Hi y’all.
Llega curso nuevo y con él más sesiones del SFC. Arrancamos con Jakub Mácha (Masaryk University, Brno) que nos presentará A Pictorial Aspect of Mathematical Notation in Wittgenstein: Generality, numbers and proofs porque sabemos que tenemos mucho aficionado a Wittgenstein y las matemáticas entre nosotros. Aquí os dejo el abstract:
The core in Wittgenstein’s conception of mathematics can be summed up in the motto that “arithmetical rules are statements of internal relations.” (PPO, p. 390) I am going to focus on Wittgenstein’s insistence on a certain pictorial aspect of mathematical notation, which is, of course, his Tractarian heritage. Mathematical notation must always be capable to depicture a state of affairs. This is true of numbers, but also of mathematical proofs.
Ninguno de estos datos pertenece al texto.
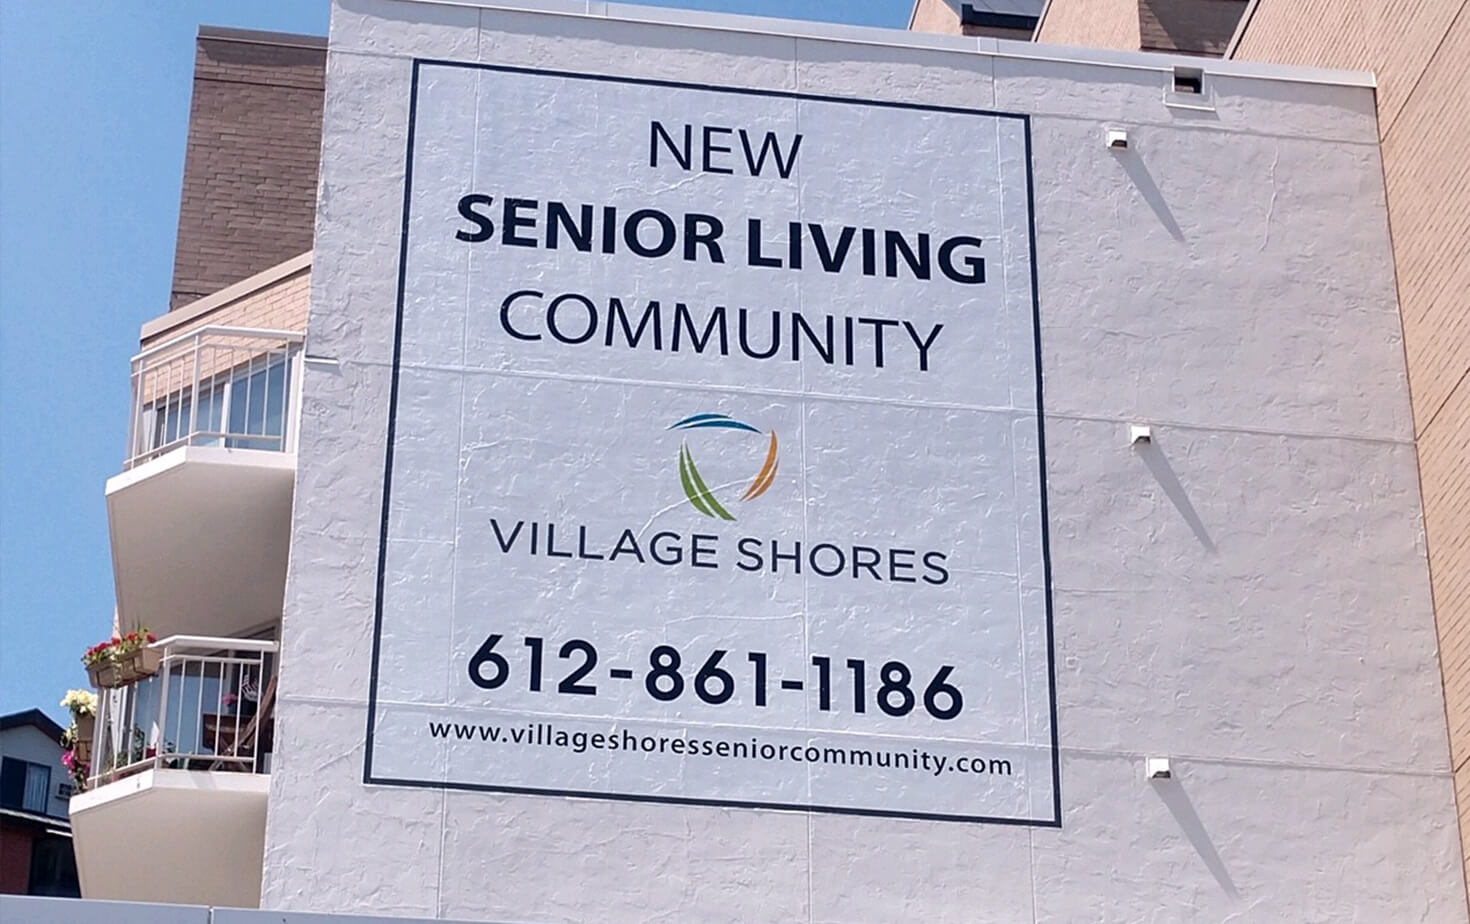 Village Shores Exterior Wall Mural on Side of Building

Numbers and proofs are for Wittgenstein a sort of prototypes of certain activities. (1) This finitistic conception of mathematics is threatened by general arithmetical propositions. Do they picture some general characteristics of numbers? (2) The pictorial aspect of numerals is expressed in the key definition of a cardinal number: “A cardinal number is an internal property of a list.” (PR, p. 140) Wittgenstein’s concrete and finitistic approach takes numeral for concrete objects as opposed to Frege-Russell’s approach based on abstract sets. The decisive advantage of Wittgenstein’s conception of numbers over Frege and Russell’s is that numbers are rooted in our primitive activities like children’s finger counting or counting with the abacus. (3) Mathematical propositions are statements of internal relations as well. A proof of a mathematical proposition aims to picture or rather lay down its internal relatedness to a system of other mathematical rules. We may say that “the completely analysed mathematical proposition is its own proof.” (PR, p. 192) Proof is so a picture of an experiment, even more “it can be thought of as a cinematographic picture” (RFM, p. 159).
La sesión tendrá lugar el próximo lunes 21 de octubre a las 16,00 en la sala 324 de la Facultad de Filosofía de la UNED (Edif. Humanidades – Pº Senda del Rey 7). Aquí queda el texto de referencia, así como en nuestra nutrida sección de materiales.
Esperamos veros a todos por allí.
SFC